Crossposted from my blog at WP. I'm trying not to do too much of that but I'd written this for OS, couldn't get in, so I posted it at WP, then I could get in to OS..yaddayadda.
Need I say I'm appalled? Frighteningly well written, tho...
Grab the chicken by the neck and swirl it once in a circular motion, twice or three times if you're really pissed and you think it is a Republican chicken about to give another speech.......o/e

My 6' Redhead wife just gives them the hairy eyeball and they die on the spot. I think you have to be a witch also to do it that way.
Heehee! I remember the live chicken market when I was young. When grandma wanted FRESH chicken (the only kind) we would go to the market and she would eye the birds up and down ... and then point. "That one!".

Poor thing would have it's head chopped by the chicken man (sorry!) who, holding it by the feet would toss it into boiling water to bleed out. A minute later out it would come and then be subject to the chicken feather plucking machine - a rotary sort of thing which beat the boiled feathers off. My brother worked there as a kid! Hey, a job is a job!

Voila! Fresh chicken!

:-) / r
I think that I must be a lot older than most here on OS (not a great surprise). We almost always kept chickens when I was a lad. As No.1 son, I was expected to do the chicken executions when Sunday dinner required that a bird be invited to join us at table.

So here's how to go about a quick and efficient euthanasia of a member of the fowl family.

1) First - catch the chicken. Not always easy since chickens have perfected the art of telepathy and always KNOW when you've selected them.... and why!

2) Open the wings until you can grasp them in one hand up near the body of the bird. No, this doesn't hurt the bird; they can open their wings until they touch all by themselves, when they want to.

3) Place head and neck on a firm chopping block. Yeah, they wiggle around a bit but if you've got a good grip on their wings you can hold them steady fairly easily.

4) Strike neck sharply with cleaver, machete, or hatchet. Head will detach. Take care that your hand doesn't.

5) Toss body of chicken on the ground. It will sometimes run around until the body gets used to the idea of not having a head. Then it will fall over and be still.

6) Pick up bird when it stops moving. Tie cord around feet and hang upside down for about 20 minutes to let it bleed out.
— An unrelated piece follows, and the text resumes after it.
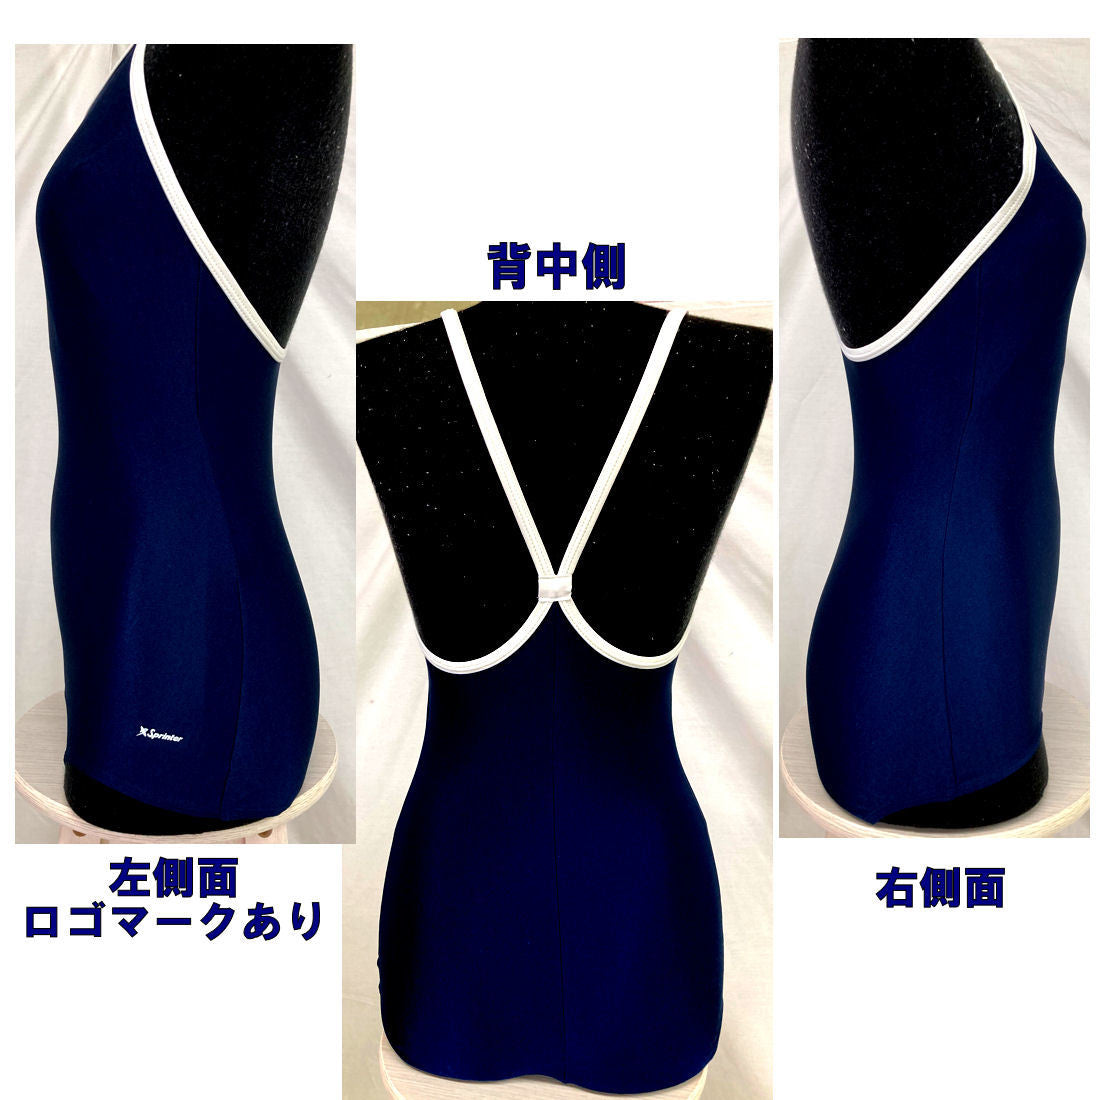 3L・カンコー・女子スクール水着ワンピース型・紺×白 - 水泳

Or just bury it if it's old and you don't want it for dinner. Bury head. Leave cord tied to feet.

7) If chicken is to be the guest of honour at your dinner, drop into a large pot of boiling hot water for about 10 minutes. Let cord hang over the edge of the pot. You will use this cord to remove the bird from the pot without putting your hands in the hot water.

This hot water dunking will allow the feathers to easily be pulled out. Some tiny, wispy pin-feathers will remain. Burn them off with a candle or lighted, rolled-up piece of paper.

8) Give chicken its last bath then prepare it for the pot.

Easy eh wot?

;-)
.
Great post!

Both my grandmas were expert chicken executioners. One utilized the messy, feathery "fly-up-on-the roof without a head" chopping method, while the other twisted their skinny necks like an organ grinder.

Love the Georgia Satellites video, too!

Robust women, they were, back when people wore so many different hats.
The chicken is no more. RIP chicken.